JAX encompasses numerous other advantages, including automatic differentiation of arbitrary functions, JIT compilation for performance optimization and automatic vectorization for efficient computation.
Note: The complete code and detailed instructions for running the pipeline can be found on our GitHub repository.
A closer look at batch inference
Batch inference is a technique to process large amounts of data in parallel in order to base predictions on a batch of inputs rather than one at a time. In batch inference, a model is fed a group of data inputs all at once, which allows the system to optimize the processing of the data, reduce latency and improve the efficiency of the prediction process.

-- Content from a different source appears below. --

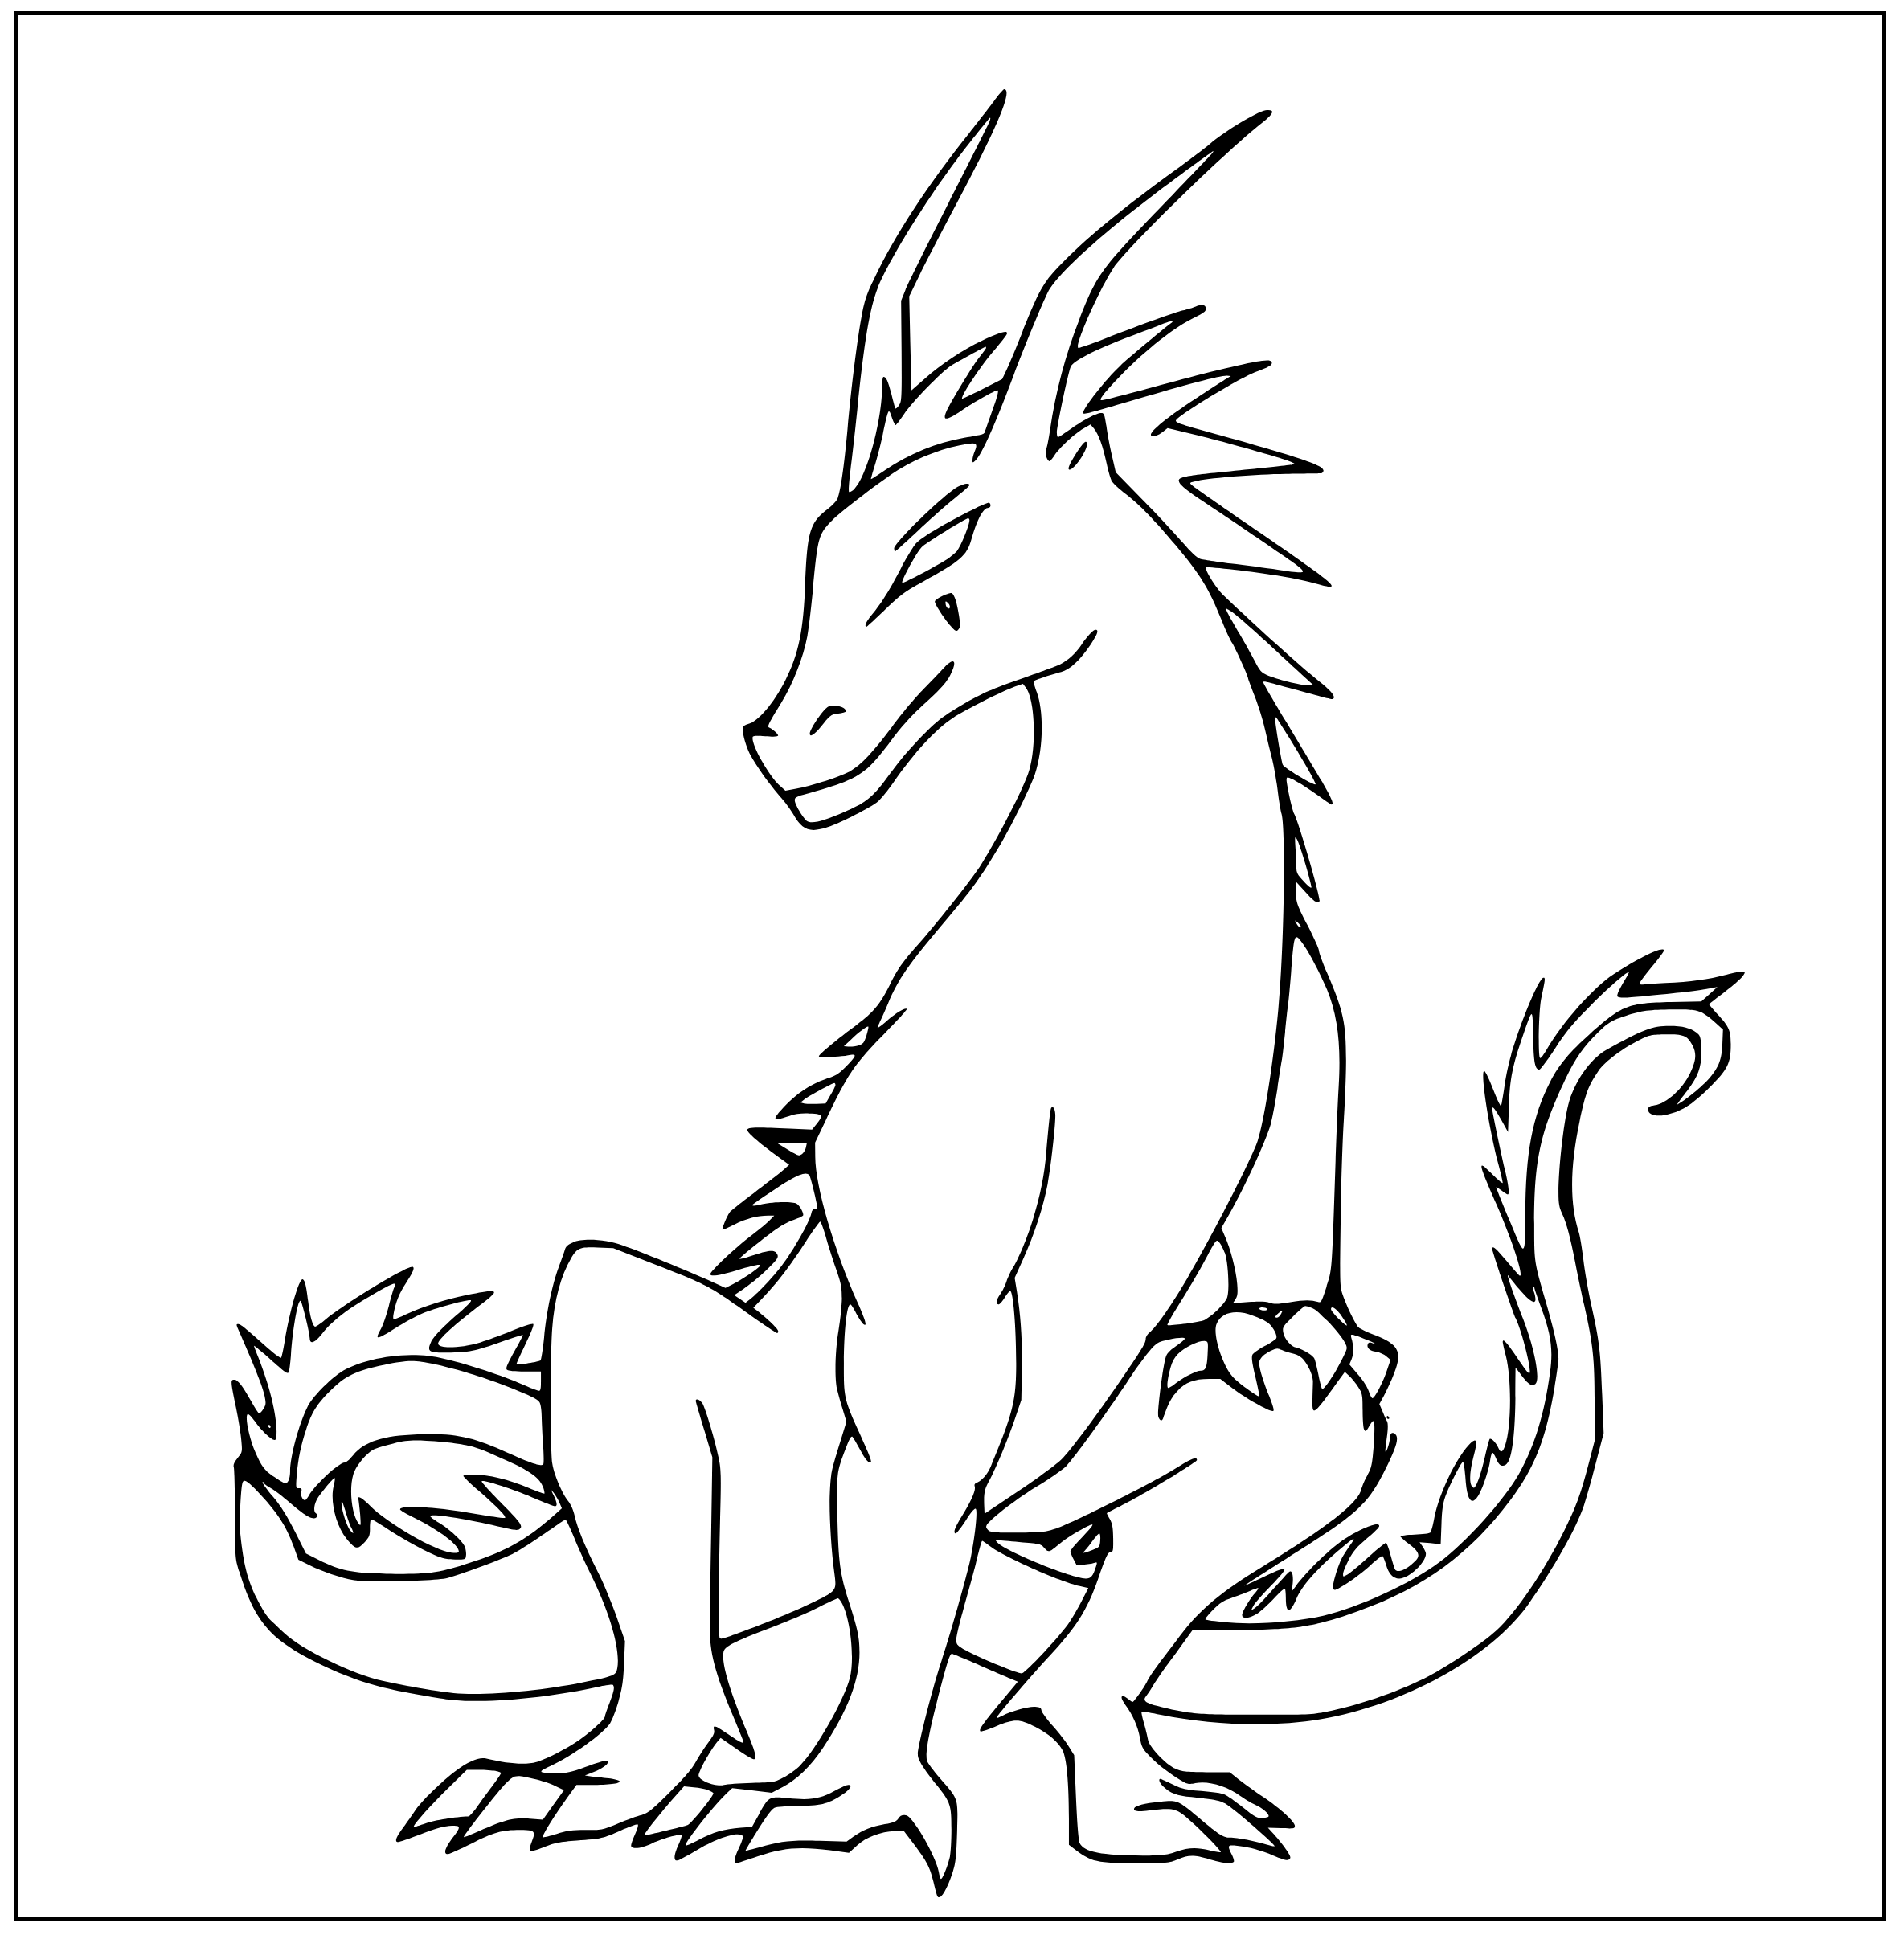 Printable a Huge Dragon Coloring Page for kids.

Implementing batch processing for inference can be a challenging task in production; it requires careful consideration of how to balance compute resources to avoid out-of-memory errors and optimize the use of specialized hardware like GPUs. Other factors to consider include caching repetitive operations, handling partial execution failures without needing to start from scratch and monitoring resource utilization. Building all of these features from scratch can be a time-consuming and tedious process.
Google Colab and Kaggle Notebooks are excellent environments for prototyping machine learning models — but running inference pipelines at scale requires a reliable infrastructure is needed. That's where Union Cloud comes in: It provides a robust platform for running batch inference pipelines at scale. In this post, we'll show you how to create Flyte workflows that use map tasks to run a Whisper JAX model on a V100 GPU. So let's get started!
But first, Whisper PyTorch in a single container
JAX and PyTorch are both widely used deep-learning frameworks, but JAX can often provide better performance than PyTorch. Before we move on to running Whisper JAX on Flyte, let's first run the Whisper PyTorch pipeline on Flyte.
Copied to clipboard!
import json
import os
import numpy as np
import requests
import torch
from flytekit import Resources, task, workflow
from flytekit.types.file import FlyteFile
from transformers import pipeline
from transformers.pipelines.audio_utils import ffmpeg_read
os.environ["PYTORCH_CUDA_ALLOC_CONF"] = "max_split_size_mb:512"
@task(requests=Resources(gpu="1", mem="15Gi", cpu="2"))
def torch_transcribe(
checkpoint: str,
audio: FlyteFile,
chunk_length: float,
batch_size: int,
return_timestamps: bool,
) -> str:
pipe = pipeline(
"automatic-speech-recognition",
model=checkpoint,
chunk_length_s=chunk_length,
device="cuda:0" if torch.cuda.is_available() else "cpu",
)
local_audio_path = audio.download()
if local_audio_path.startswith("http://") or local_audio_path.startswith(
"https://"
):
inputs = requests.get(inputs).content
else:
with open(local_audio_path, "rb") as f:
inputs = f.read()
if isinstance(inputs, bytes):
inputs = ffmpeg_read(inputs, 16000)
if not isinstance(inputs, np.ndarray):
raise ValueError(f"We expect a numpy ndarray as input, got `{type(inputs)}`")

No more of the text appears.